Passaretti is sometimes frustrated by the “misinformation” spread about Ebola. “My approach is that the best way to fight that stuff is with education and not being reactive to it. Staying calm and knowing the true data. You can’t refute facts.”
That’s what reassured her on that morning in July when Passaretti donned protective gear to meet with the potential Ebola patient at CMC. “I can’t say I was afraid, partly because I know how the virus is transmitted. He wasn’t so sick that I was at risk for bodily fluid exposure.”
Although some hospital employees were “freaking out” about whether it was safe to be around the patient’s family, Passaretti said they “were asymptomatic. There was no way they could cause any problems.” She tried to put herself in their place. “It was a little bit of a scary situation for the family and the patient,” she said. “He was isolated, and the family wasn’t allowed to see him.”

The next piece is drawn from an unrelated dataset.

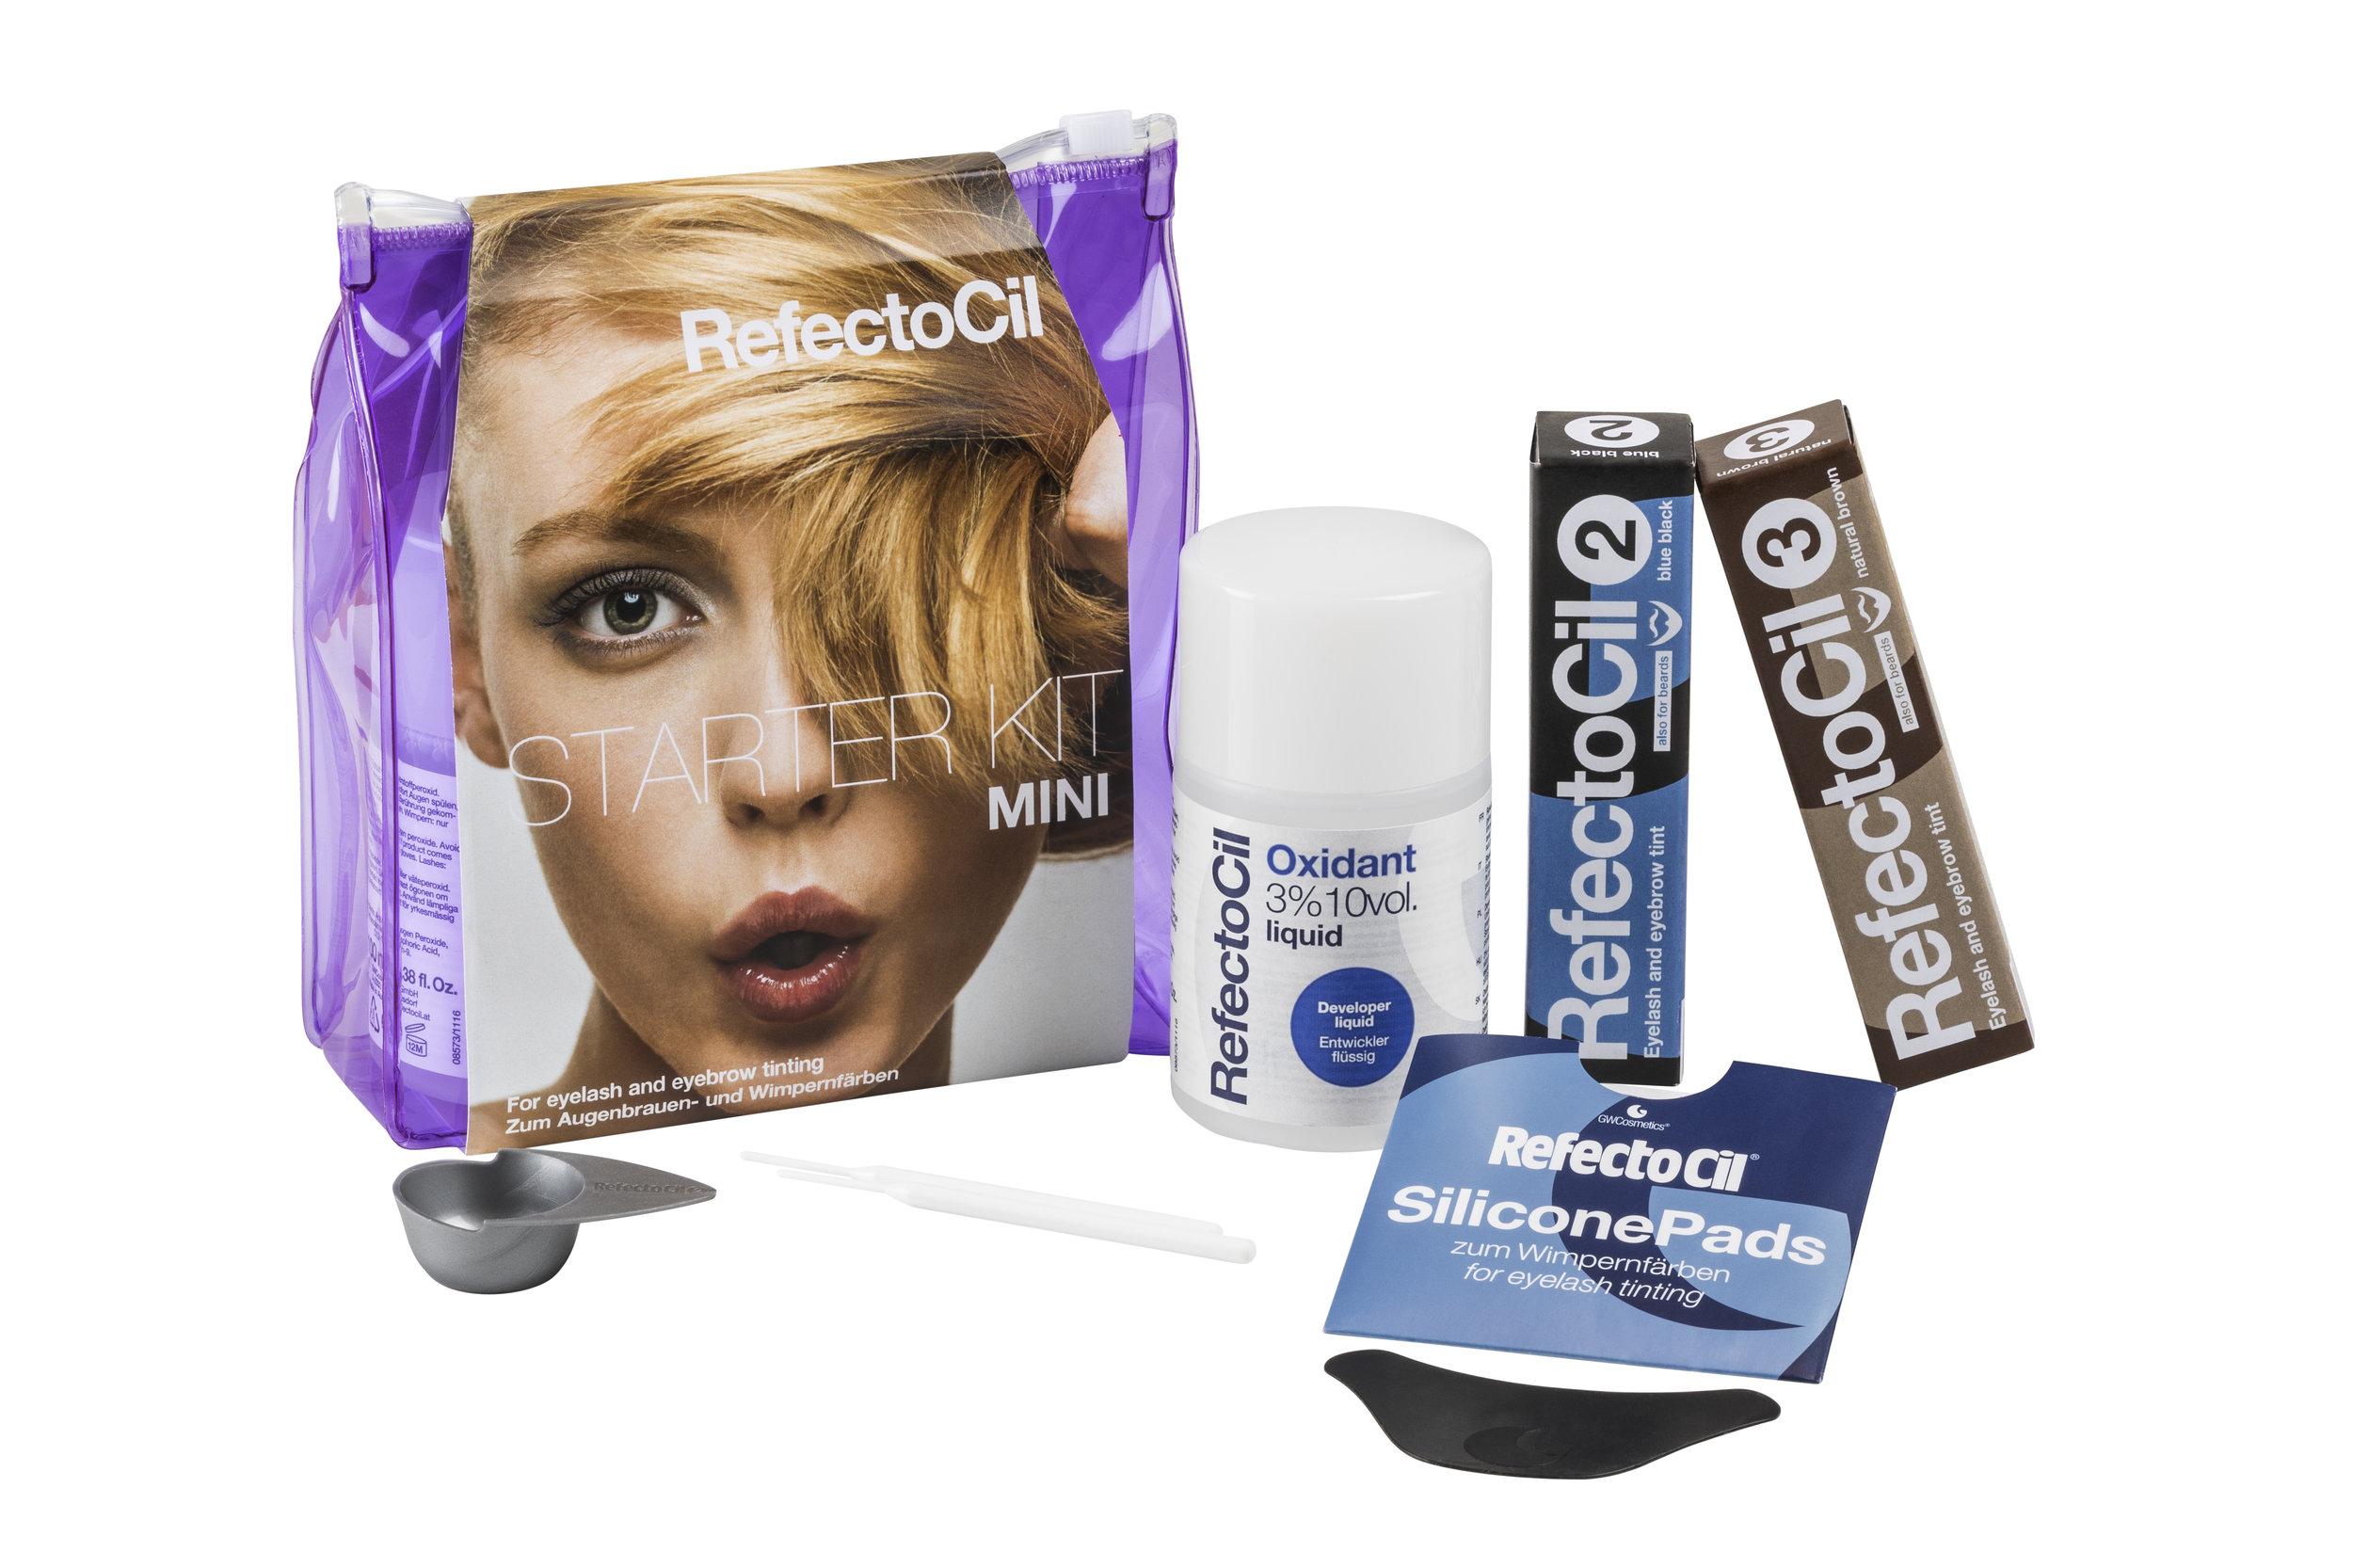 RefectoCil Starter Kit - Mini
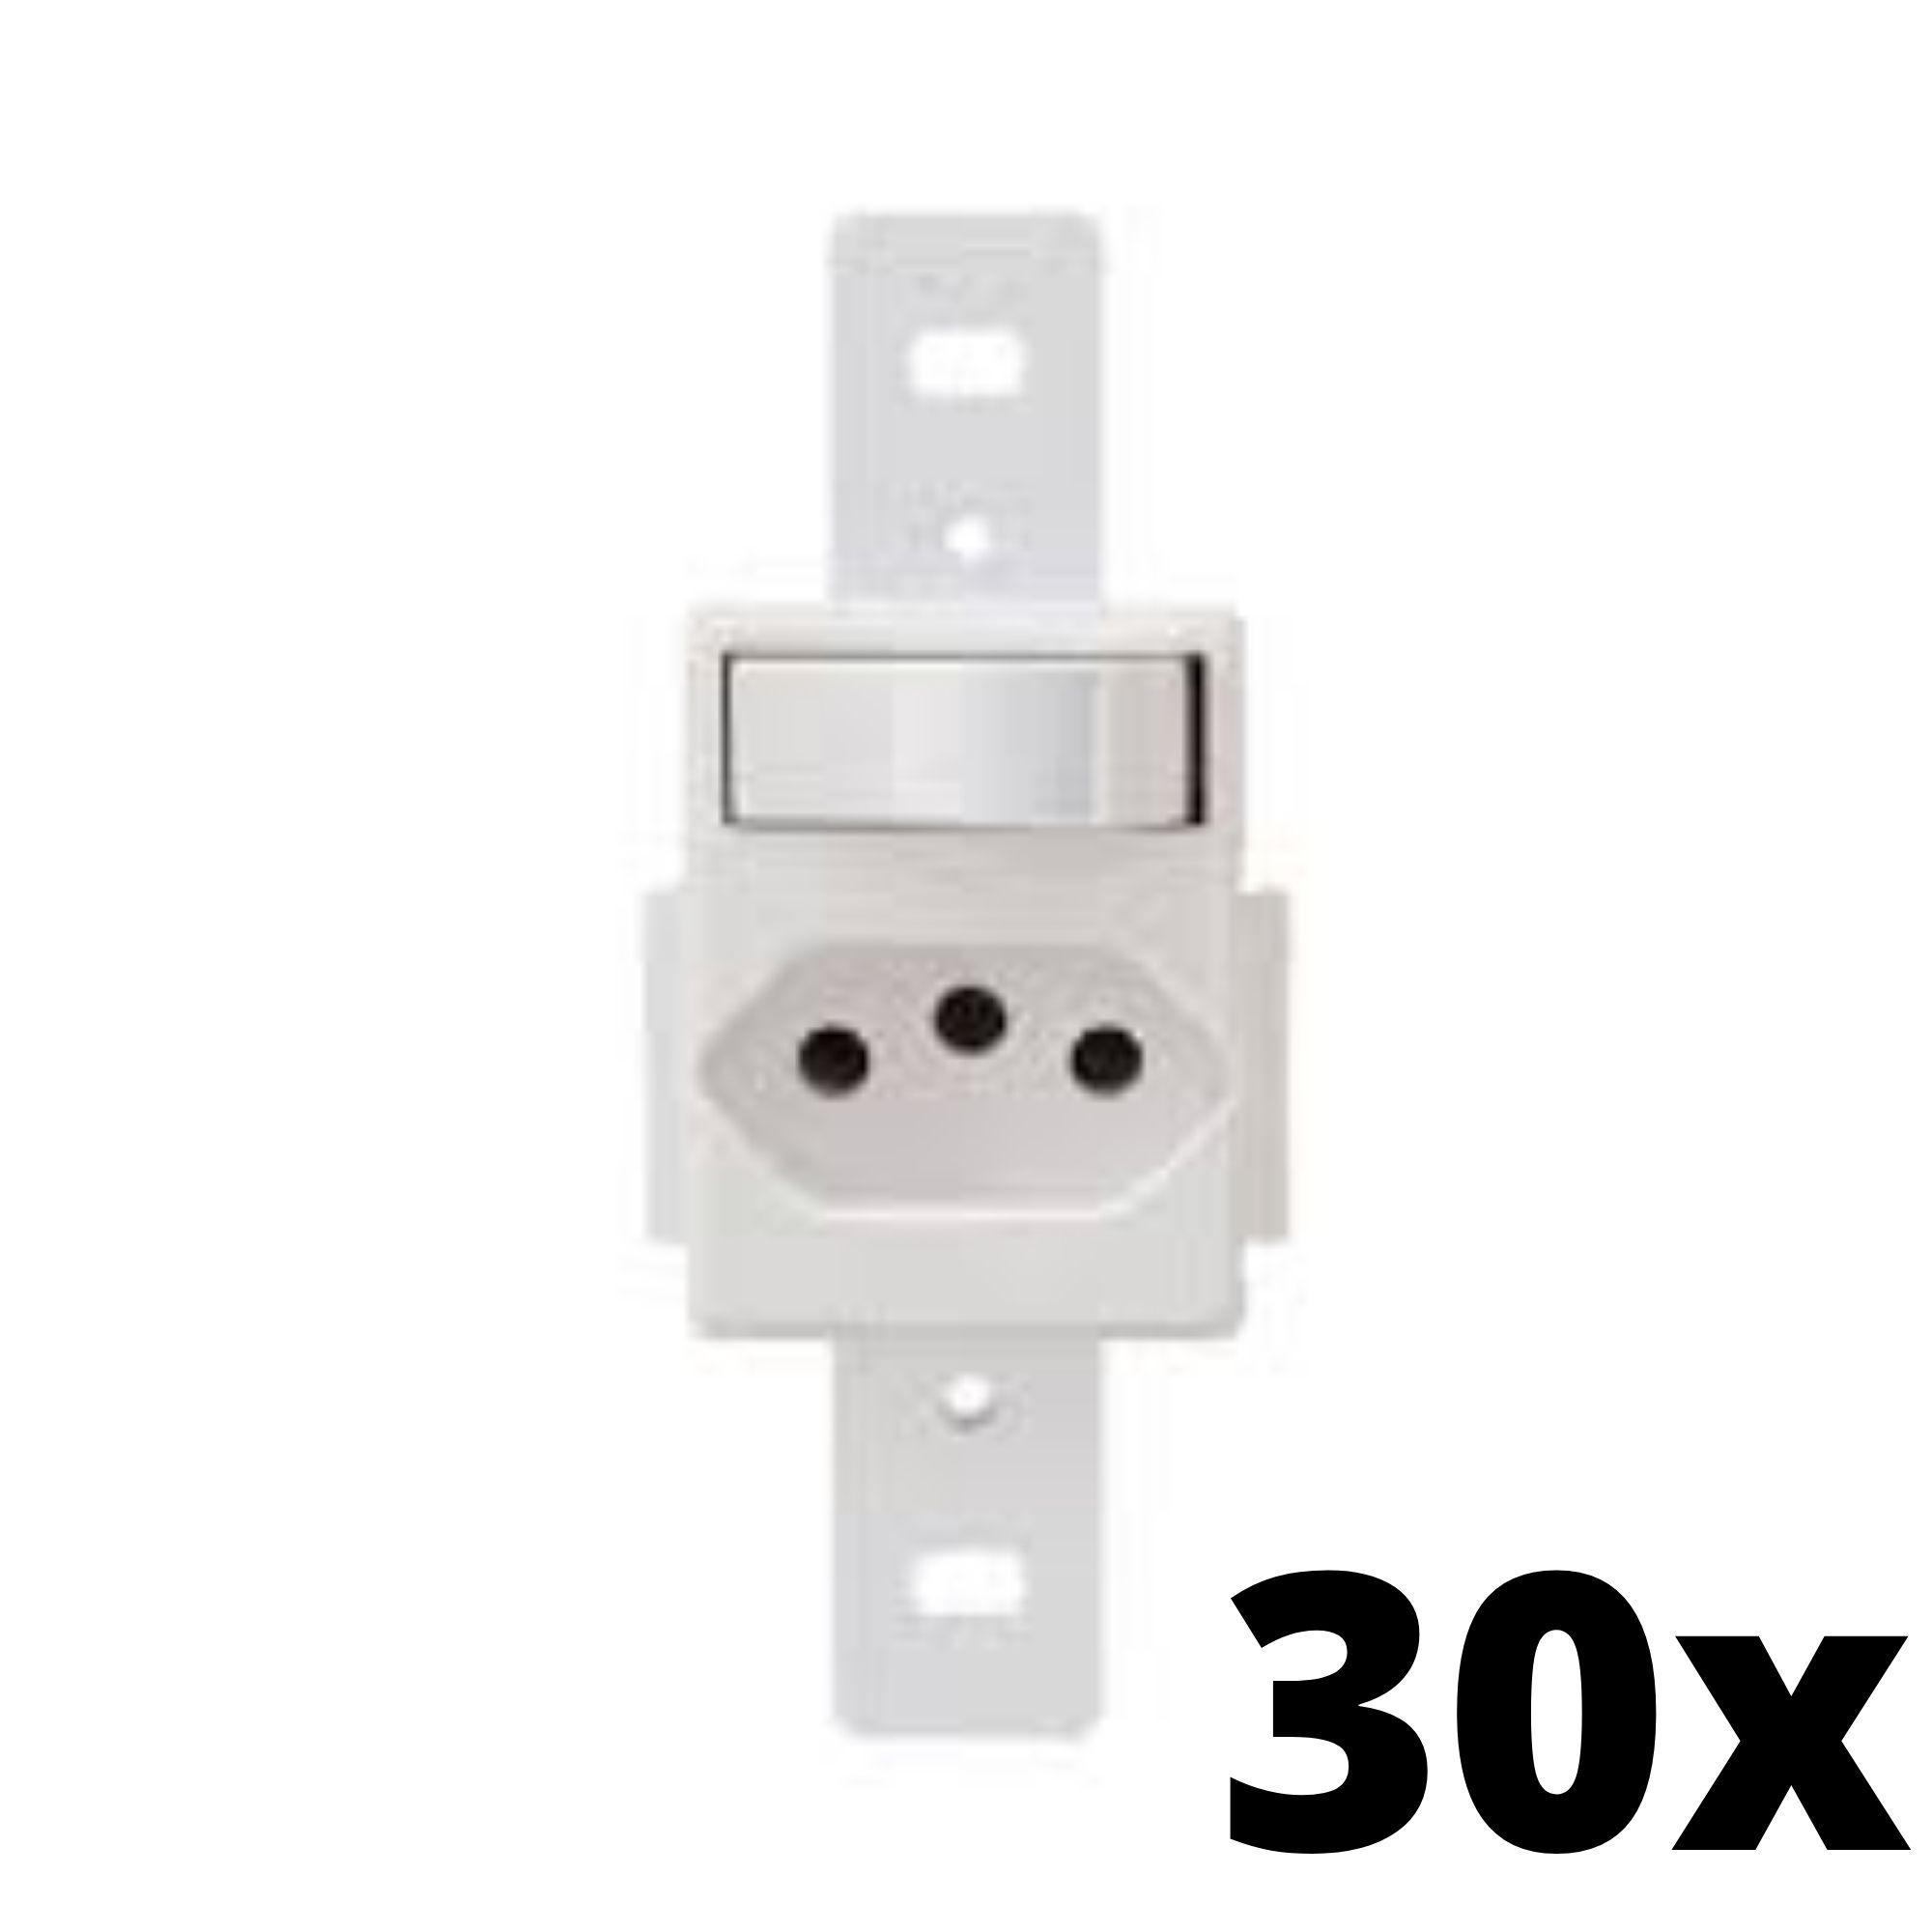 Kit 30 und  Blanc 1Seção Interruptor Simples+1Seção Tomada 10A Sem Placa

As intense at it was, Passaretti said outbreak management is one of her favorite parts of the job. “It’s like mysteries. Where did it start? How do we stop it? What pieces can you put in place to prevent it from happening again? I like that kind of thinking through how we’re going to respond to an emerging situation.”
That’s good, because there are plenty of antibiotic-resistant bacteria and evolving viruses to keep her busy. “We’re fighting this battle where the bacteria adapt quickly, and we adapt slowly.”
“That’s going to be an ongoing struggle,” she said, adding with a smile, “and will insure my job security for awhile.”